Vaccinating Against Tumors Cancer vaccines offer the opportunity to use the patient’s own immune system in the fight against tumors. 1. Antigen preparation: Scientists can produce cancer vaccines against tumors by using the patient’s tumor as a source of antigen or by synthesizing peptides from tumor antigens. 2. Antigen delivery: Researchers use different vaccine platforms to deliver the antigens: patient-derived dendritic cells, adeno-associated viral vectors, and lipid nanoparticles. 3. Antigen presentation: Once administered, these antigens eventually find their way to patient dendritic cells, or are immediately expressed on dendritic cells if they are used as the vehicle. The dendritic cells travel to lymph nodes to activate antigen-specific T cells. 4. Anti-tumor immunity: Once activated, these tumor-antigen-specific T cells will multiply (a) and travel to the tumor, where they help target the tumor cells for destruction (b). Some activated T cells will become memory cells (c, shown in purple); these will reside in the lymph node or nearby tissue to protect the body against future recurrences of the same type of cancer.

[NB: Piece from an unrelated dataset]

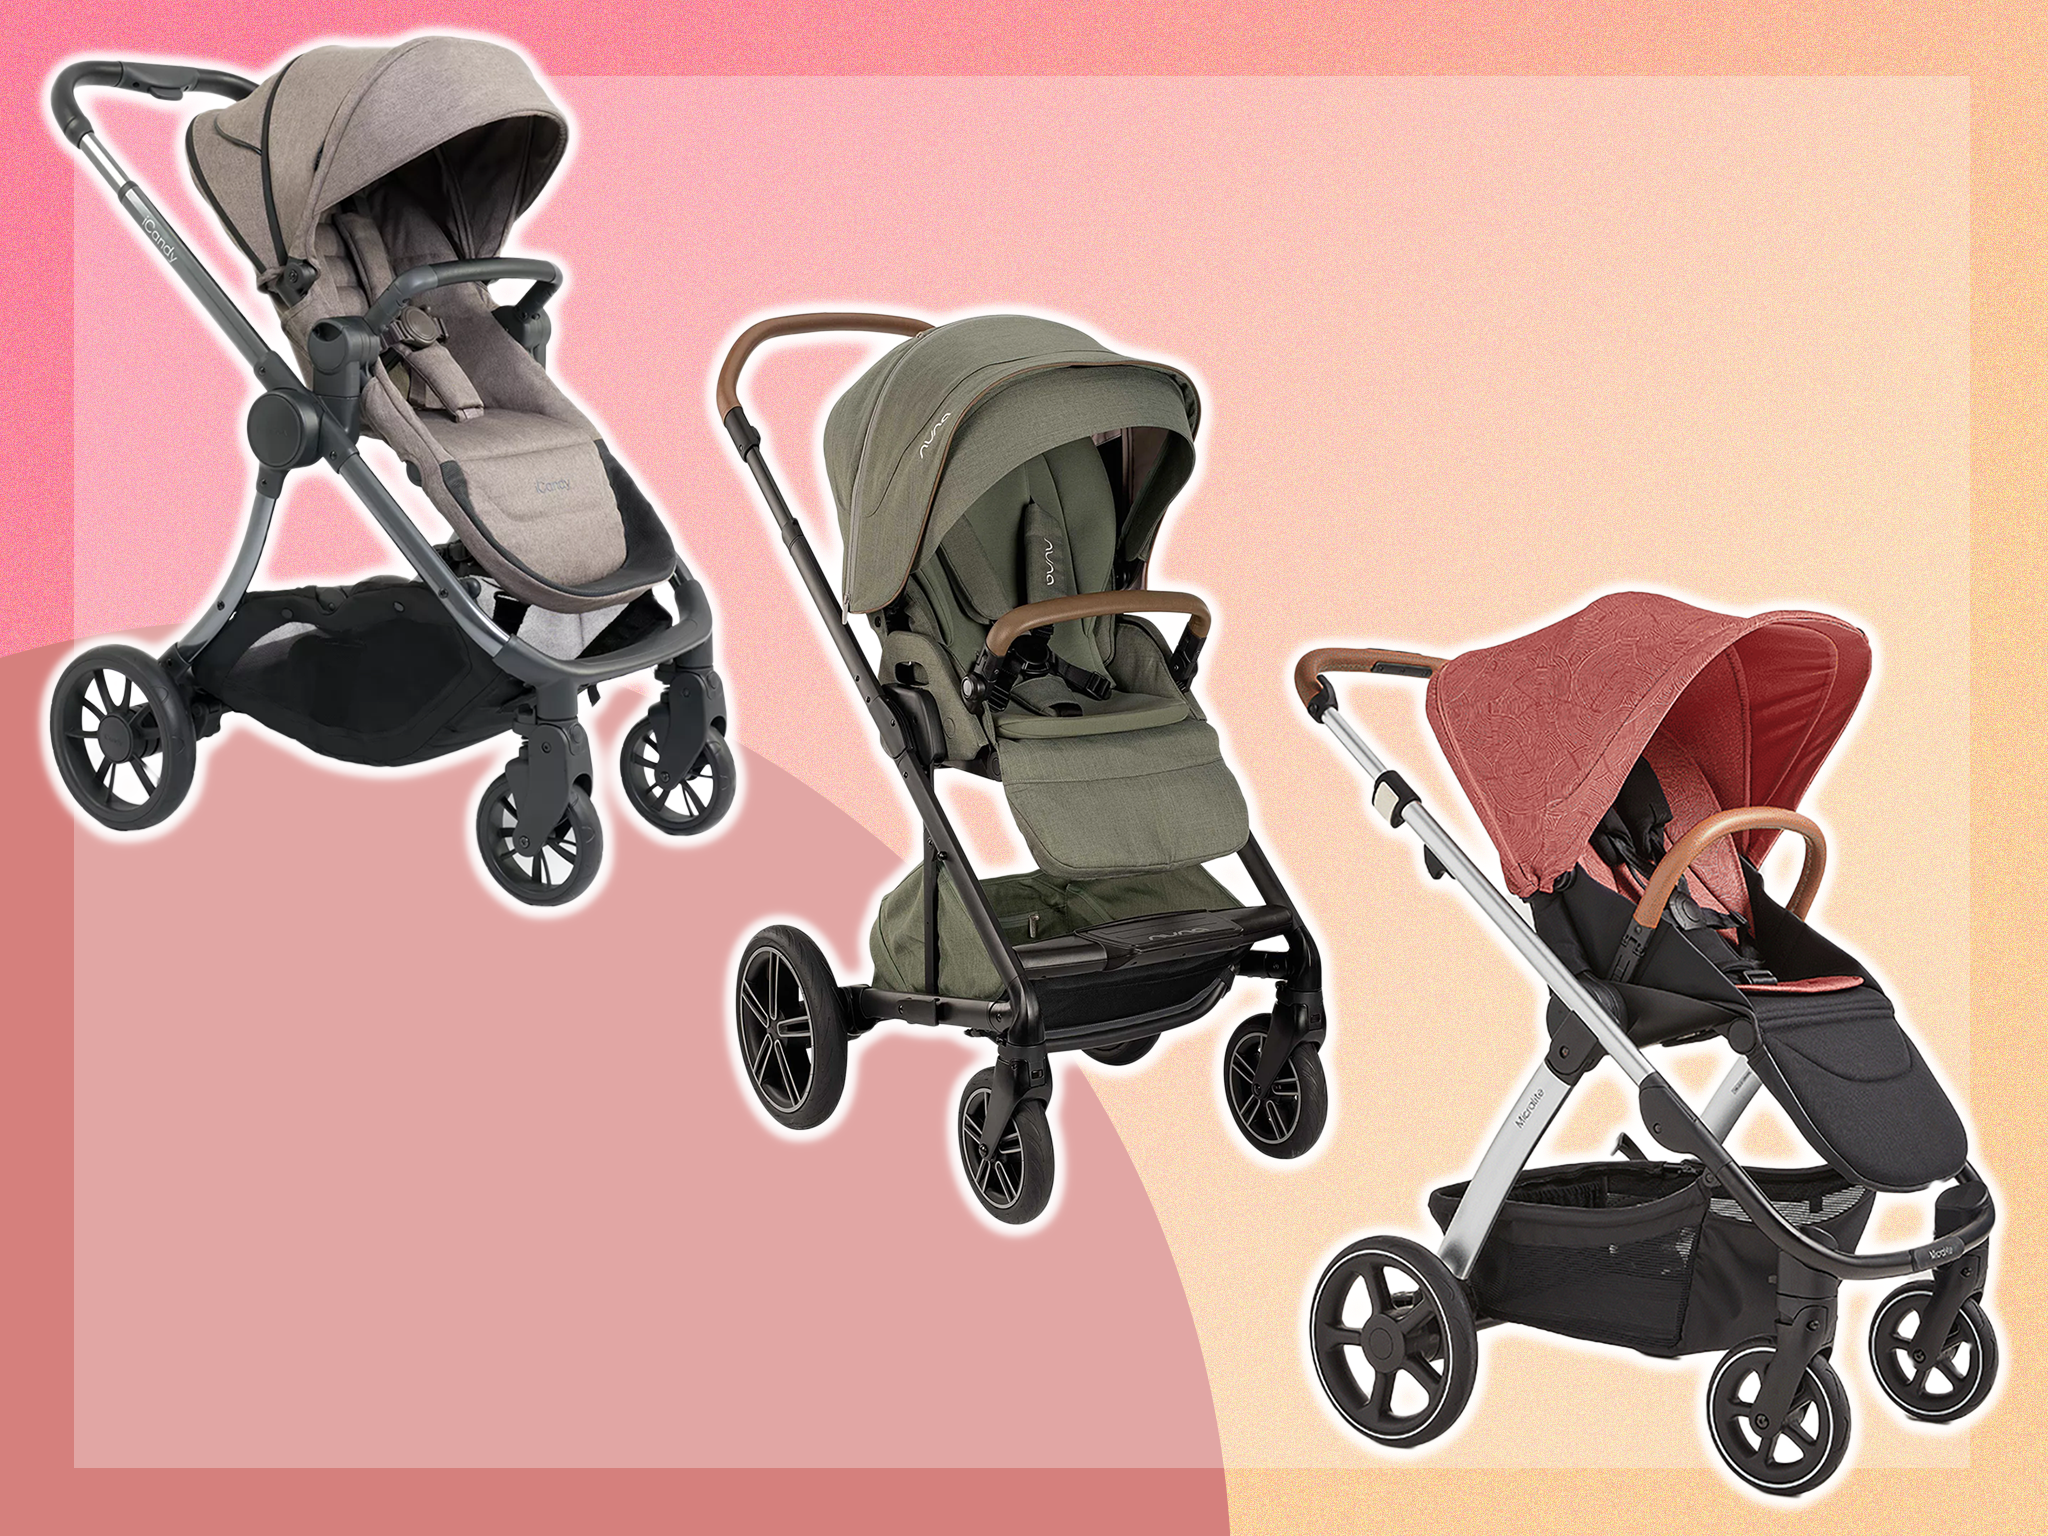 Silver Cross Clic stroller review - Lightweight buggies & strollers -  Pushchairs

Nasal Vaccines May Reduce Breakthrough Cases

The development of effective vaccines put an end to the COVID-19 pandemic. However, breakthrough cases still occur in vaccinated individuals. Scientists believe that one reason for this is the disconnect between the vaccination site: the arm, and the site of pathogen exposure: the nose. To bridge this gap, Pamela Wong, an immunologist at the University of Michigan, and her team developed an intranasal vaccine formulation, which when used to deliver the SARS-CoV-2 spike protein in mice, prevented SARS-CoV-2 from infecting the upper respiratory tract and offered better cross-protection against multiple strains of the virus. Wong’s team envisions that intranasal vaccination be used as a booster to call immune cells that were previously generated from intramuscular vaccination to the nasal cavity to prevent viral entry and infection.

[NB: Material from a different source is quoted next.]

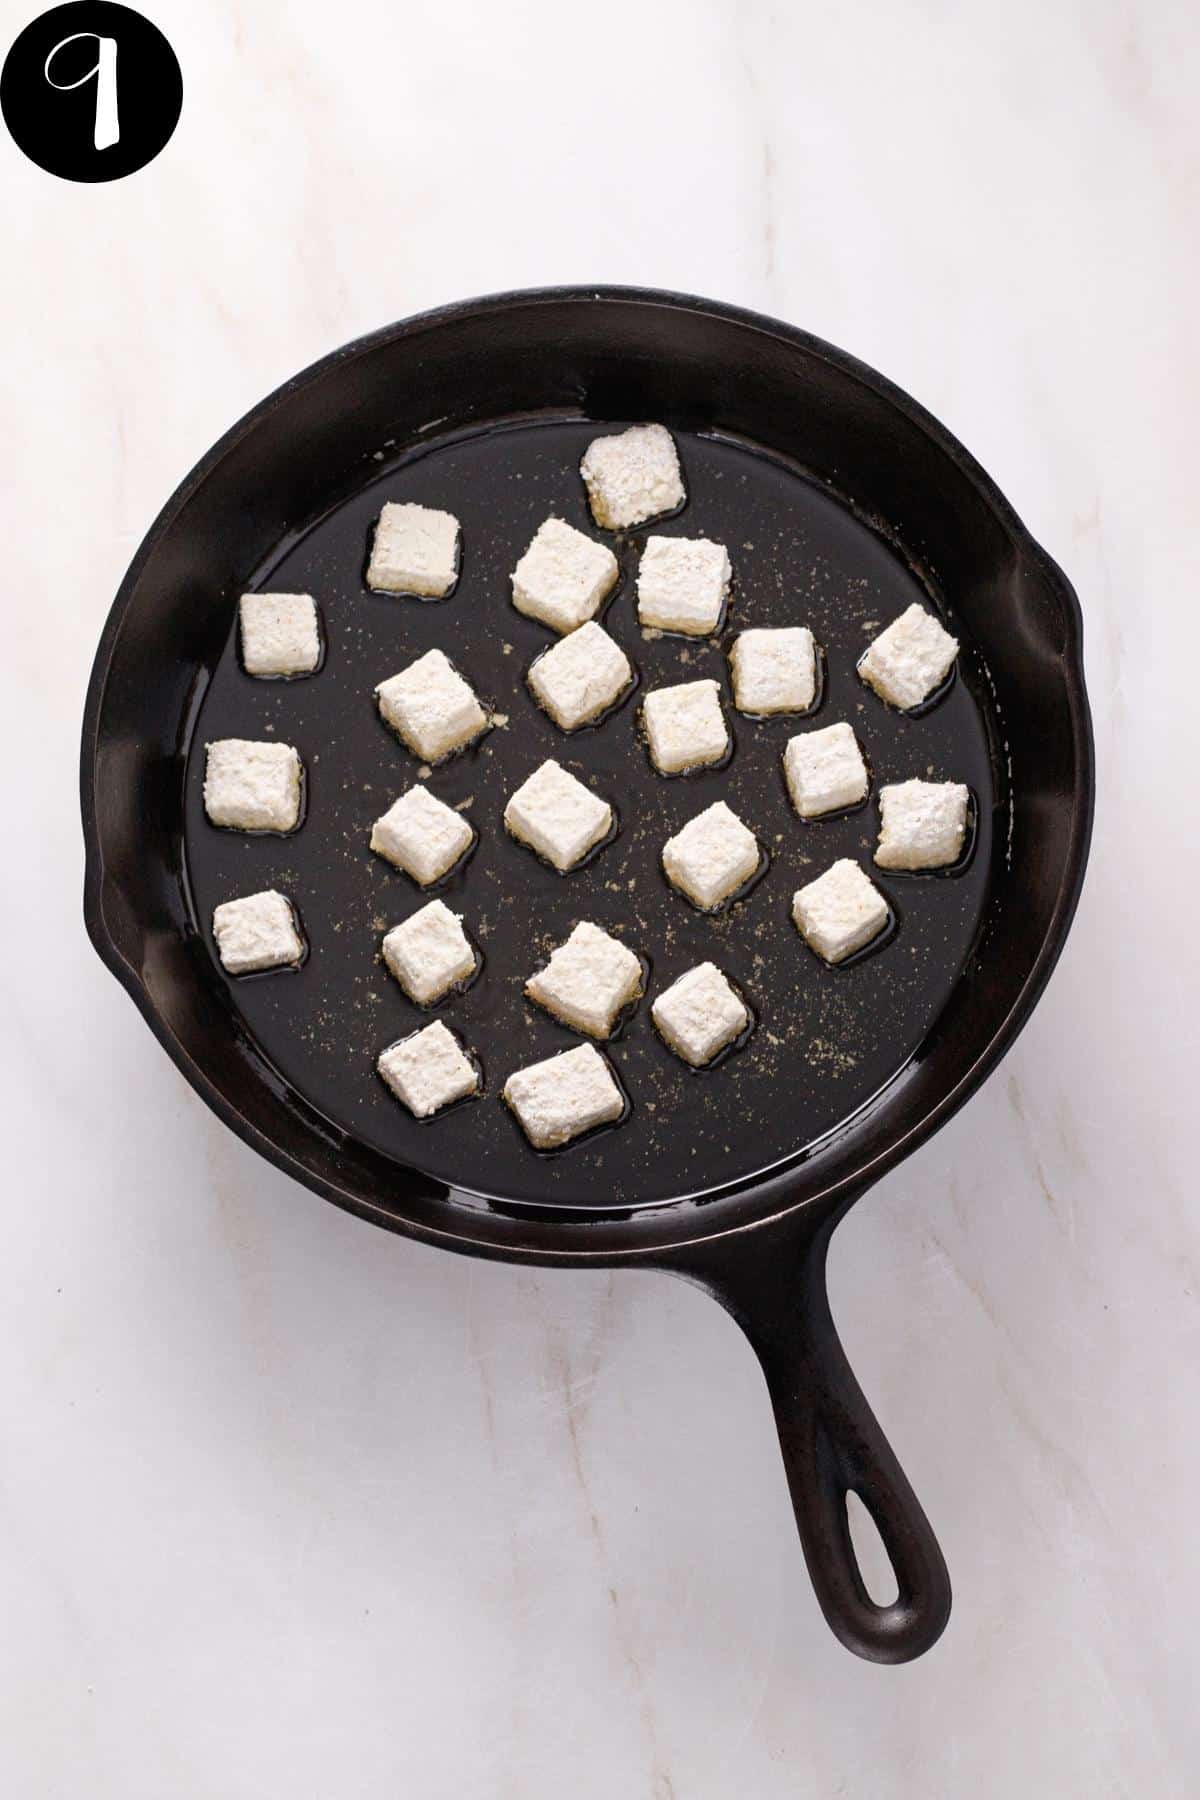 Tofu being shallow fried in a cast iron skillet.

Antibiotics May Interfere with Babies’ Vaccine Response

Physicians commonly administer antibiotics to newborn babies that show signs of infection or worse, sepsis, but this may come at a cost. Recently, David Lynn, an immunologist at the South Australian Health and Medical Research Institute and Flinders University, Helen Marshall, a vaccinologist at the Women’s and Children’s Health Network, and their colleagues found that giving antibiotics to newborns could reduce their response to certain vaccines, and the gut microbiome mediates this effect. In their Nature study, the researchers showed that antibiotic-treated infants had less Bifidobacteria, a common bacterial species in the gut microbiome, and this decrease correlated with lower immune responses to various vaccines, such as tetanus. To directly demonstrate the relationship between antibiotics, vaccine response, and the gut microbiome, the researchers turned to mice. They showed that supplementation of either a mix of probiotics or Bifidobacteria alone in germ-free mice recovered their immune response to vaccines.